Book Read Free

The Secret Families

Page 6

by John Gardner


  Arnie gave him what used to be called an ‘old-fashioned look’. One eyebrow raised, and an expression of disapproval. ‘In fact, it’s your neck as well; and a lot of other necks. Best take care.’

  Naldo experienced the same unpleasant sinking feeling in the pit of his stomach, a well-known occupational sixth sense. Arnold had something really unpalatable lying festering in his mind.

  ‘Whatever you say.’ Naldo spoke quietly. So they got a table, then and there at the Kempinski, and lunched with care also. Some soup, smoked salmon and salad. No pudding. No alcohol. Afterwards, Arnold went to one of the telephone booths in the lobby.

  He returned, frowning. ‘Not the kind of day to go for a stroll in the Zoo, and I can’t use one of our normal safe houses,’ he said. ‘You mind a green house? It’s OK, and we have full access to the mirrors and tapes, which means we can switch them off.’

  Naldo nodded. ‘As long as nobody starts any rumours about us.’

  Arnie gave a short, uneasy laugh. Green houses were places the trade used for entrapments, honey-traps. As such, the houses were always fitted with the best in hidden cameras and bugs.

  3

  The doorman summoned a taxi which dropped them off near the Charlottenburg S-Bahn. The house — a second-floor three-roomed flat — was five minutes’ walk. They made it fifteen, sweeping the street twice. Arnold was on edge and made certain they had no watchers on them.

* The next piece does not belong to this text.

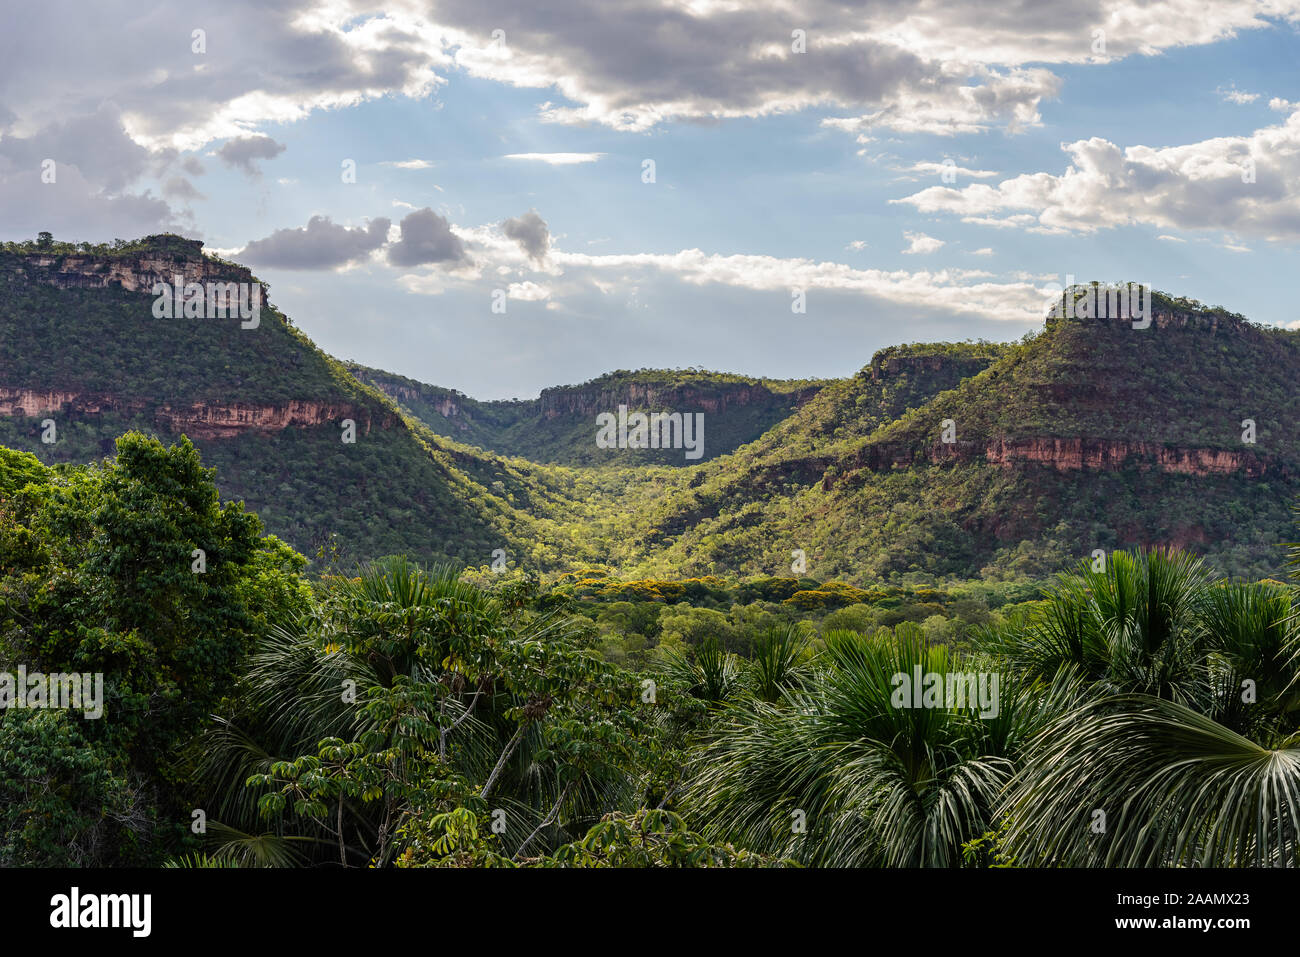 Chapada paysage, plateaux formés avec des couches de grès horizontaux coupés par des vallées. Bahia, Brésil, Amérique du Sud. Banque D'Images

  It was a pleasant flat, well furnished, and without gimmicks likely to put clients off. The rooms smelled fresh and clean, as though someone knew it was to be used. Arnold showed Naldo the two-way mirrors and the observation room, also the main controls hidden away in a broom cupboard. Naldo, for his part, took another look around, just to be on the safe side. Then together they checked that everything was deactivated before sitting facing each other in the small living room, which had no mirrors anyway. They were reserved for the bedroom, which was decorated, as Arnie remarked, in poule de luxe.

  ‘OK, so you say Alex was a plant, and you can prove it?’ Naldo was like an accused man waiting a verdict. He wanted to get the bad news over and done with.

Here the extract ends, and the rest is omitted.